The Bornhuetter-Ferguson using premiums and incurred loss method is similar to the Bornhuetter-Ferguson using premiums and paid loss method except that it uses case incurred losses. The use of case incurred losses instead of paid losses can result in development patterns that are less variable than paid patterns. However, the inclusion of case reserves can lead to distortions if changes in case reserving have taken place, and the method requires analysis of all the factors that need to be reviewed for the loss ratio and incurred development methods

The average loss method multiplies a projected number of ultimate claims by an estimated ultimate average loss for each accident year to produce ultimate loss estimates. Since projections of the ultimate number of claims are often less variable than projections of ultimate loss, this method can provide more reliable results for products where loss development patterns are inconsistent or too variable to be relied on exclusively. In addition, this method can more directly account for changes in coverage that impact the number and size of claims. However, this method can be difficult to apply to situations where very large claims or a substantial number of unusual claims result in volatile average claim sizes. Projecting the ultimate number of claims requires analysis of several factors including the rate at which policyholders report claims to the Company, the impact of judicial decisions, the impact of underwriting changes, and other factors. Estimating the ultimate average loss requires analysis of the impact of large losses and claim cost trend based on changes in the cost of repairing or replacing property, changes in the cost of medical care, changes in the cost of wage replacement, judicial decisions, legislative changes, and other factors.

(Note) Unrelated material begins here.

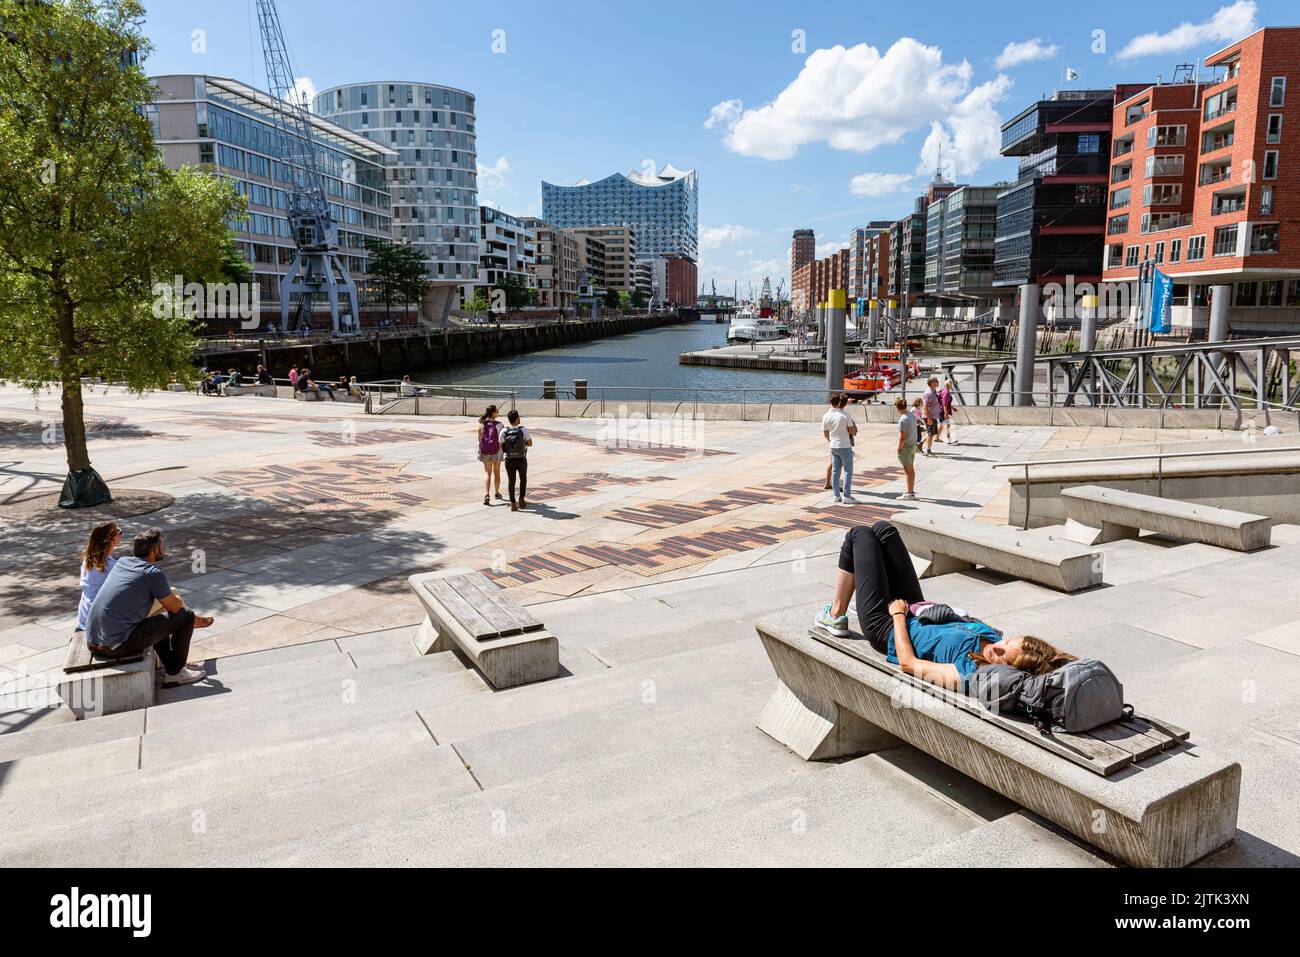 People lie and sit on the Magellan Terraces in the summer sun and look out over the Elbphilharmonie and Hamburg's Hafencity, Hamburg, Germany Stock Photo

For other more complex products where the above methods may not produce reliable indications, the Company uses additional methods tailored to the characteristics of the specific situation. Such products include construction defect losses and asbestos, pollution, and mass tort (APMT).

For construction defect losses, the Company’s actuaries organize losses by report year. Report year groups claims by the year in which they were reported. To estimate losses from claims that have not been reported, various extrapolation techniques are applied to the pattern of claims that have been reported to estimate the number of claims yet to be reported. This process requires analysis of several factors including the rate at which policyholders report claims to the Company, the impact of judicial decisions, the impact of underwriting changes, and other factors. An average claim size is determined from past experience and applied to the number of unreported claims to estimate reserves for these claims. Estimating the average claim size requires analysis of the impact of large losses and claim cost trend based on changes in the cost of repairing or replacing property, changes in the cost of legal fees, judicial decisions, legislative changes, and other factors.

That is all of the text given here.